---------- PROVIDED MATERIAL

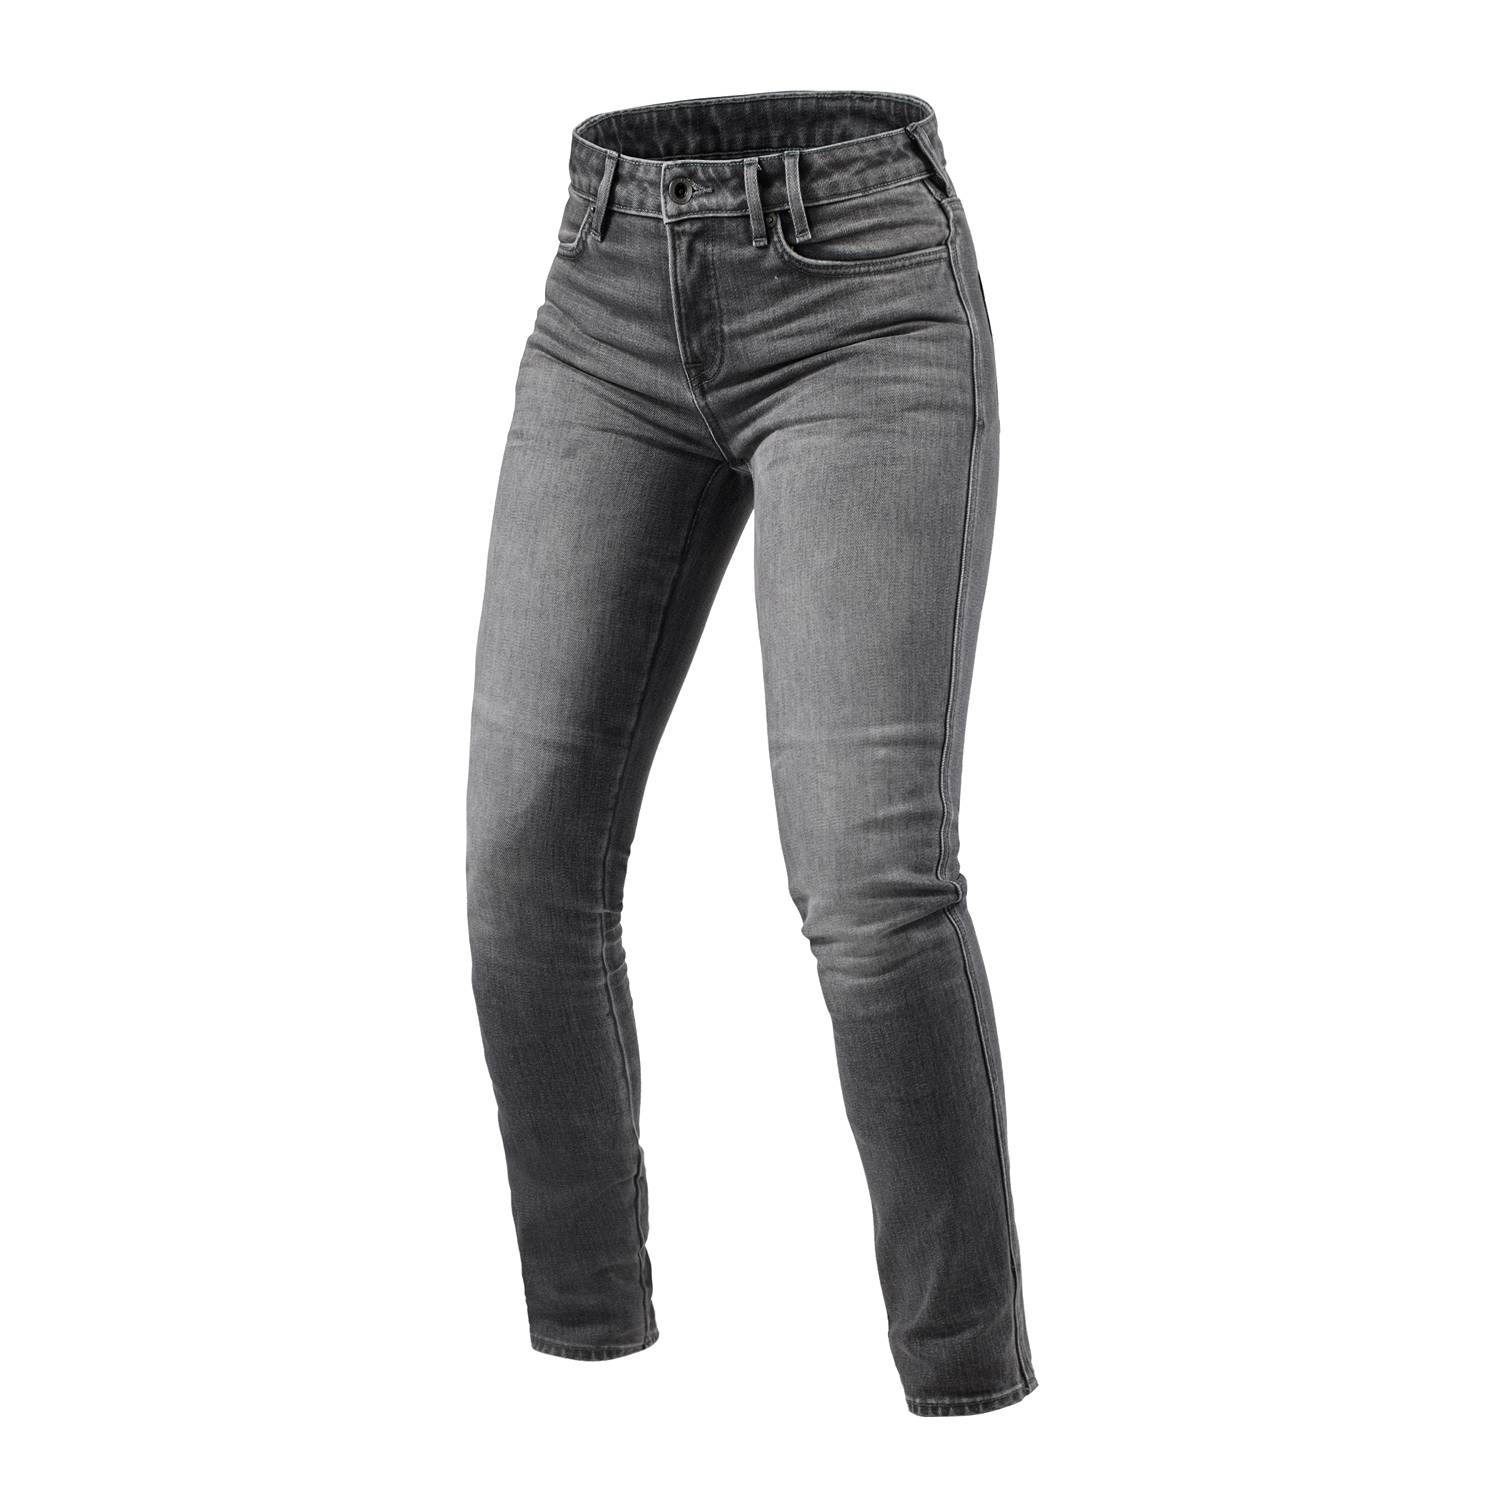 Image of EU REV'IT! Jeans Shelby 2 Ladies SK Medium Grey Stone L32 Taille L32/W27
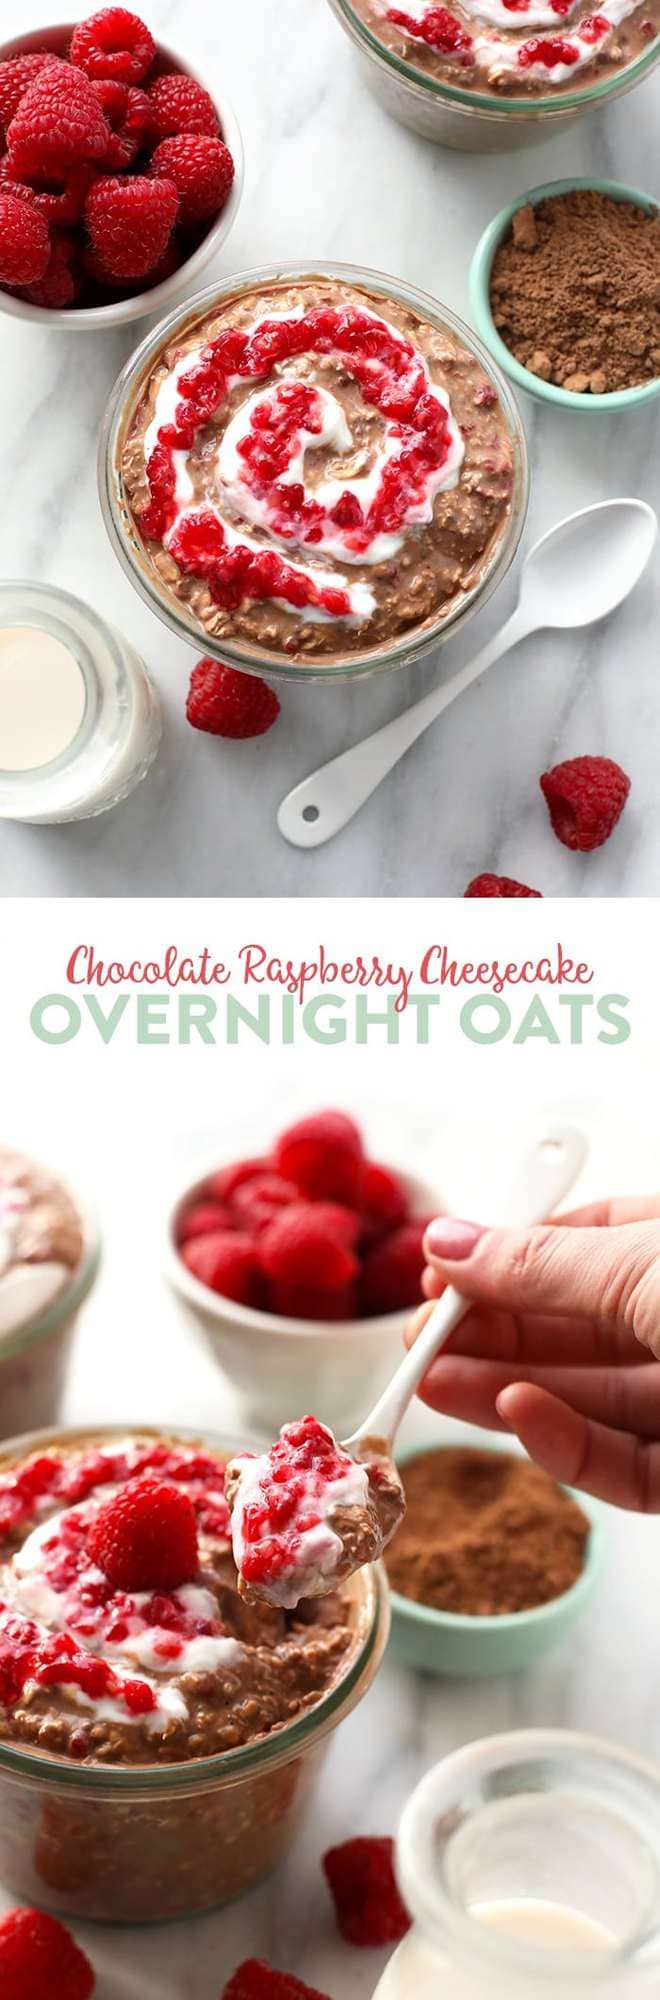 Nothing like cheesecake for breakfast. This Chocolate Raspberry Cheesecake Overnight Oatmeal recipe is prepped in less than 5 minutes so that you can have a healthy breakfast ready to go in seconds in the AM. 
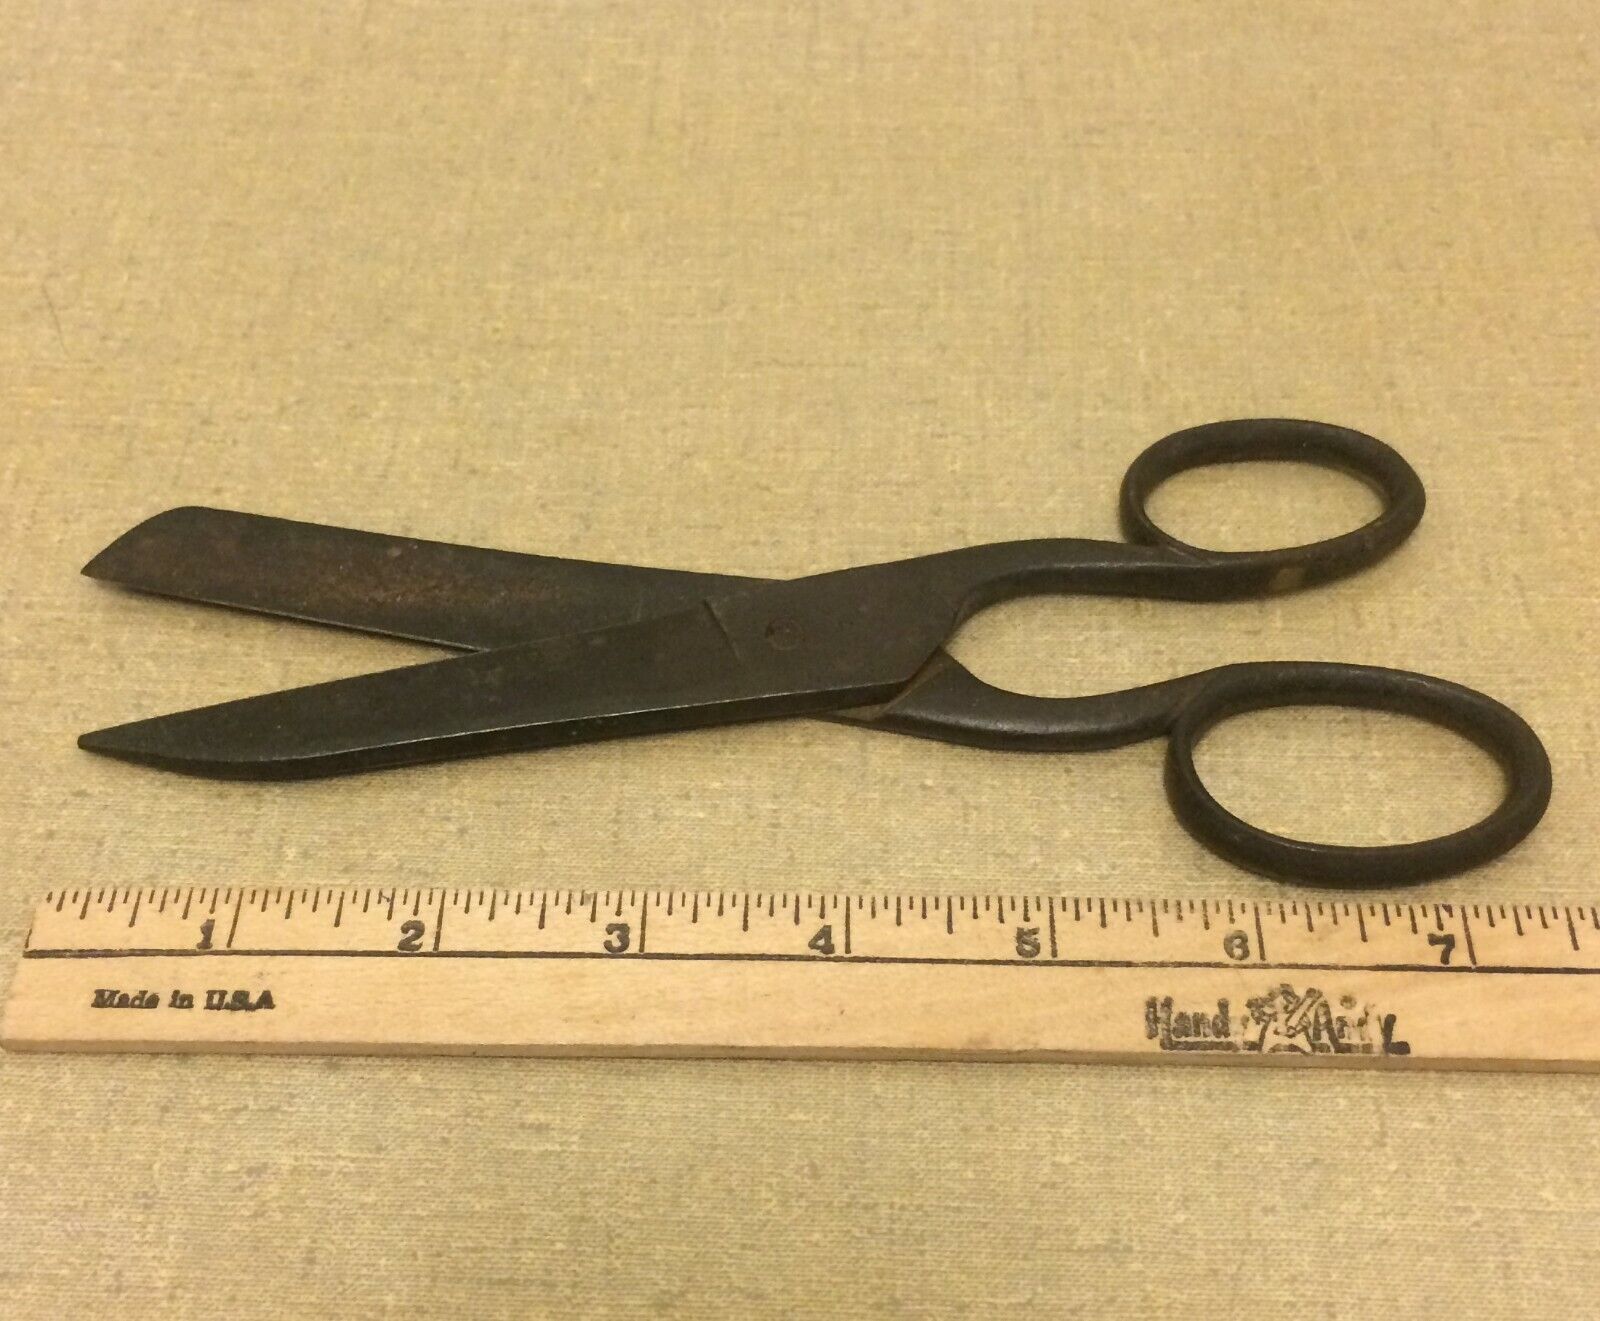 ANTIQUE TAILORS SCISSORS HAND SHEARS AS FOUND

--------------------

- EXERCISE GOAL: Write out the data exactly, but not its pictures.

- RESPONSE TO THE TASK:
 Image of EU REV'IT! Jeans Shelby 2 Ladies SK Medium Grey Stone L32 Taille L32/W27
 Nothing like cheesecake for breakfast. This Chocolate Raspberry Cheesecake Overnight Oatmeal recipe is prepped in less than 5 minutes so that you can have a healthy breakfast ready to go in seconds in the AM. 
 ANTIQUE TAILORS SCISSORS HAND SHEARS AS FOUND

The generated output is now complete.